Buchanan’s roots as both a journalist and political operative go back to the early Nixon years, but it was Buchanan’s speech at the 1992 Republican convention that recognized the differences between the Democrats and Republicans were not just about economics. He rightly pointed out that the modern Democratic Party had moved left while pretending otherwise. Referring to the Democratic Party convention in New York, Buchanan said:
My friends, like many of you [...] last month, I watched that giant masquerade ball up at Madison Square Garden, where 20,000 liberals and radicals came dressed up as moderates and centrists in the greatest single exhibition of cross-dressing in American political history.
And then Buchanan went on to observe that there was a cultural war, and the two major parties were on opposite sides:
Friends, this election is about more than who gets what. It is about who we are. It is about what we believe and what we stand for as Americans. There is a religious war going on in this country. It is a cultural war, as critical to the kind of nation we shall be as the Cold War itself. For this war is for the soul of America. And in that struggle for the soul of America, Clinton & Clinton are on the other side, and George Bush is on our side. And so to the Buchanan Brigades out there, we have to come home and stand beside George Bush.
While Buchanan supported President Bush for the 1992 Republican nomination after battling him in the primaries, he again challenged the eventual Republican nominee Bob Dole in the 1996 election. In 2000, he was the Reform Party nominee. He did so because he observed that the globalist establishment had taken over and now had two wings, the Democrat wing and the Republican wing. And he was not about to remain silent.
It was Pat Buchanan who first championed, on a national stage, opposition to illegal immigration, endless foreign interventionism, and the outsourcing of manufacturing jobs. These key themes were later picked up by candidate Donald Trump.

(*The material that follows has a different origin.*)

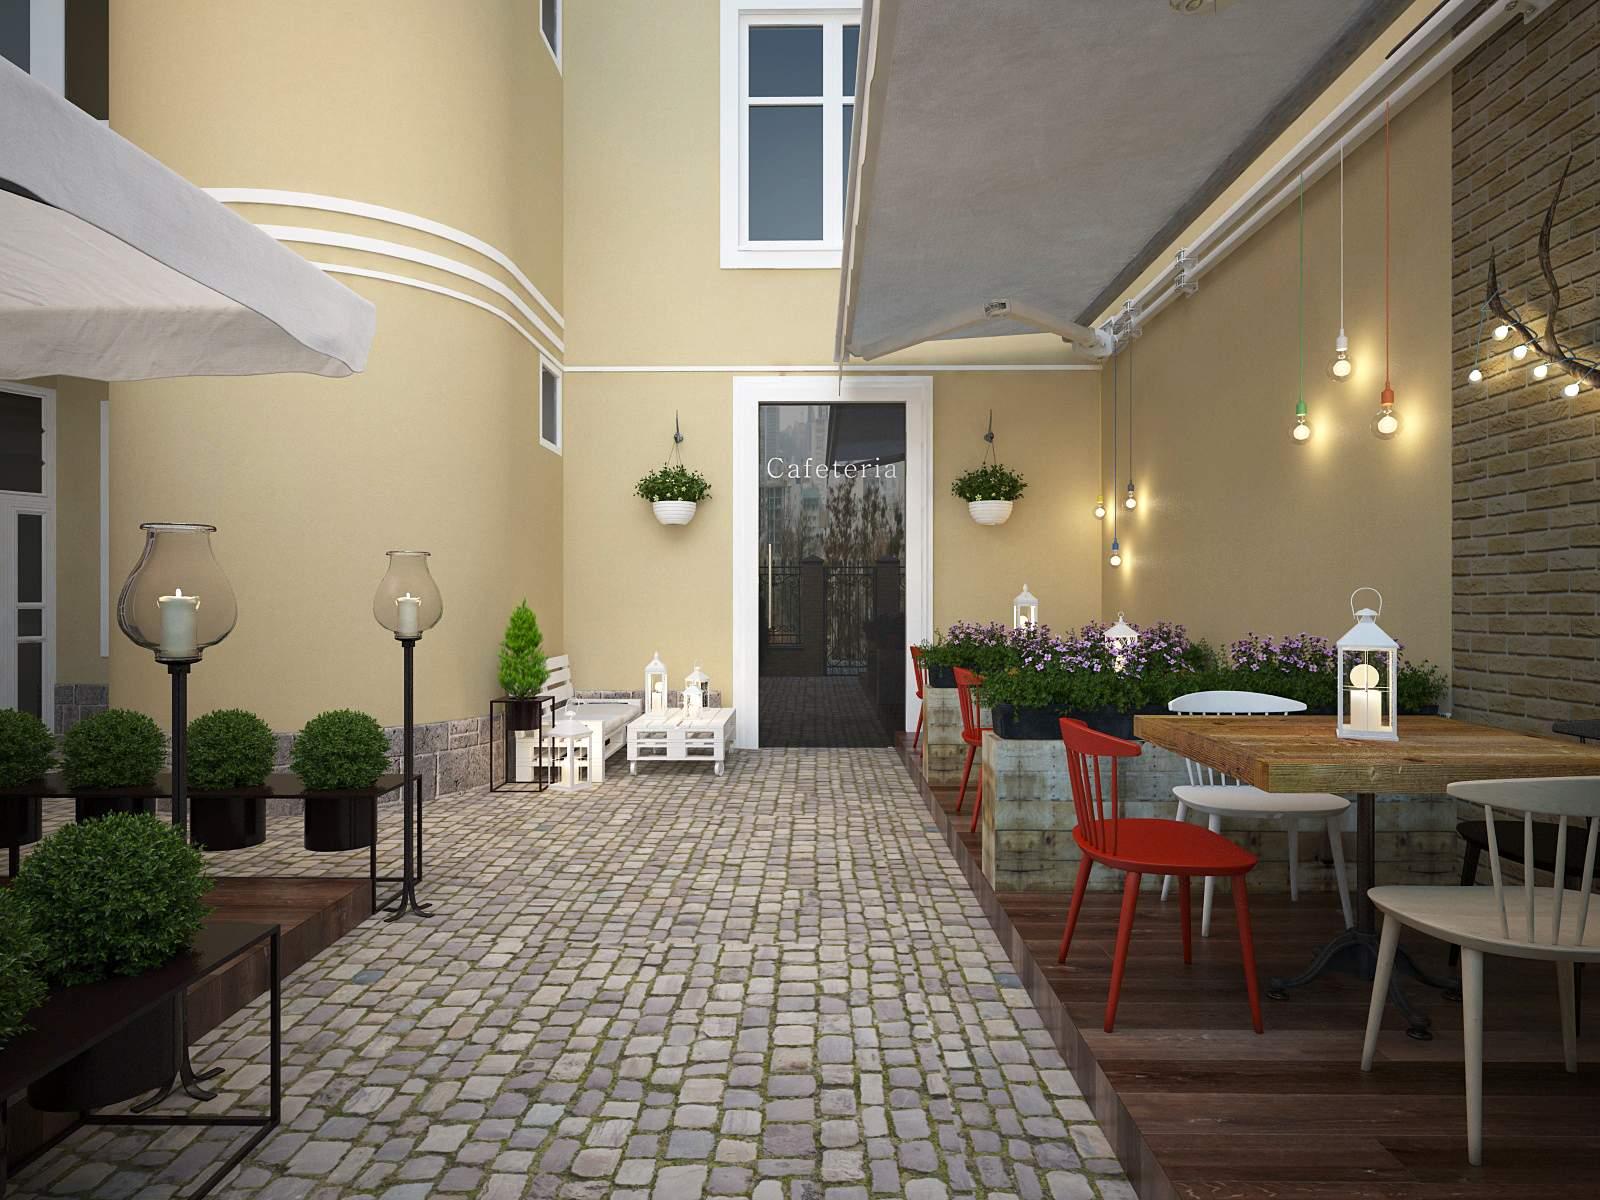 interior_1 (2)_1600x1200

In addition to his newspaper columns, Buchanan authored 14 books, including those with provocative titles such as “The Death of the West,” “Suicide of a Superpower,” “Where the Right Went Wrong,” and “A Republic, Not an Empire.”
In addition to being a gifted writer, Buchanan also had a tremendous understanding of America’s history and its place in the world.
If you want an example of the famous aphorism, “The pen is mightier than the sword,” look no further than Pat Buchanan.